Decision 2: Strip the slimmed copy, not the live history. slimCompactionInput returns a fresh array; the chat history stored in GeminiChat is untouched. Local persistence (.chats/<sessionId>.jsonl) keeps the full conversation as the user experienced it, so --resume works without loss.

Decision 3: Microcompact treats images uniformly with old tool results. The time-based idle trigger already clears stale tool output; extending it to inline images keeps the policy consistent and reuses the existing keepRecent window.

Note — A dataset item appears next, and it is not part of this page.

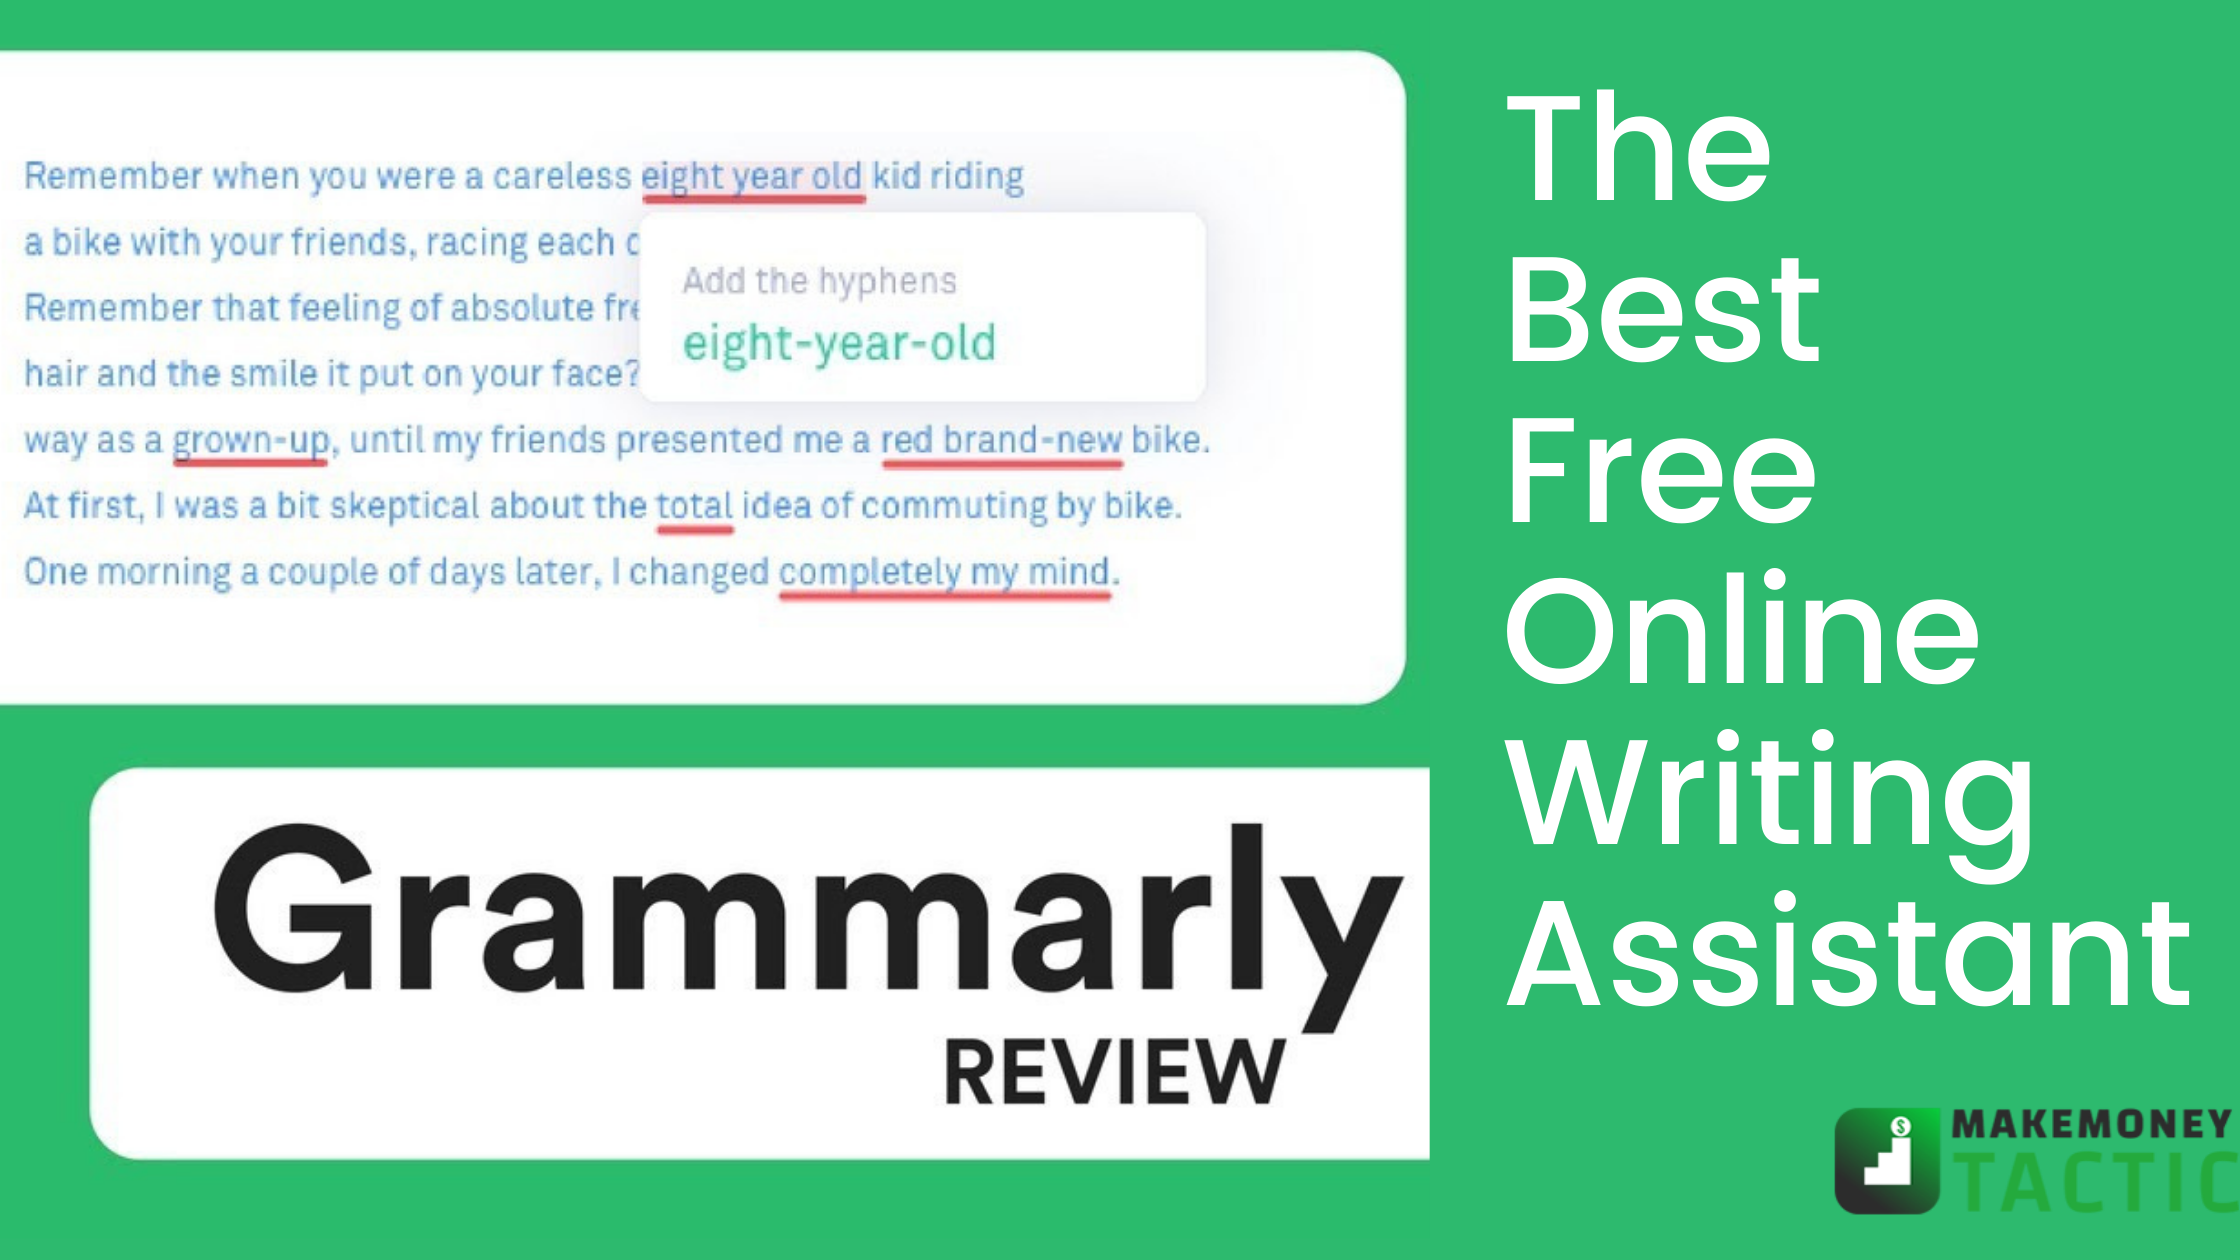 Grammarly review: Free Online Writing Assistant for students

Decision 4: No paste-store / no text externalization. See Out-of-scope section. Upstream consensus (claude-code 2026-03 → 2026-05) is to keep verbatim user input visible and amortize via prompt caching, not externalize.

Files Affected

New files

  • packages/core/src/services/compactionInputSlimming.ts
  • packages/core/src/services/compactionInputSlimming.test.ts

Modified files

  • packages/core/src/config/config.ts — extend ChatCompressionSettings
  • packages/core/src/services/chatCompressionService.ts — call slimming before runSideQuery; replace char-count helper; precompute charCounts once for splitter + guard
  • packages/core/src/services/chatCompressionService.test.ts — add a wire-up test asserting base64 never reaches the summary model
  • packages/core/src/services/microcompaction/microcompact.ts — extend collection to inline images
  • packages/core/src/services/microcompaction/microcompact.test.ts — test image clearing

Scope Boundaries

In scope

  • Strip inline media from compaction input
  • Fix findCompressSplitPoint char estimation
  • Microcompact image part cleanup on the idle trigger
  • One setting + env override

Deferred

  • Large-paste externalization (see Out-of-scope above)
  • Reinflation tool (read_paste(hash) etc.)
  • Persistence-layer dedup
  • /context paste breakdown
  • Telemetry events for slim stats

Open Questions

  1. Should the placeholder text include a hash to allow future reinflation? Today we emit just [image: image/png]. If/when a read_paste-style tool lands, we may want an ID. For now the placeholder is informational; the original image still exists in the live history and persistence.
  2. imageTokenEstimate = 1600 correct for non-Qwen-VL models served via Anthropic / OpenAI proxies? Likely a slight under-estimate for Claude (where images can be up to ~5K tokens) but harmless: it only affects the split-point heuristic, never the actual prompt the user-facing model sees.
  3. MIN_COMPRESSION_FRACTION gate is computed on pre-slim char counts. An image-heavy slice can pass the 5% threshold (because images count as ~6,400 chars each in the estimator) and then shrink to [image: …] placeholders post-slim. The summary model then receives almost no textual context. This is intentional for now: the summary's job is to record "user shared an image of X" even when most of the slice was visual, and the gate's purpose is "is there enough to be worth summarizing" — which images reasonably satisfy. If quality regresses we can revisit by either re-checking post-slim or biasing the gate on imagesStripped proportion.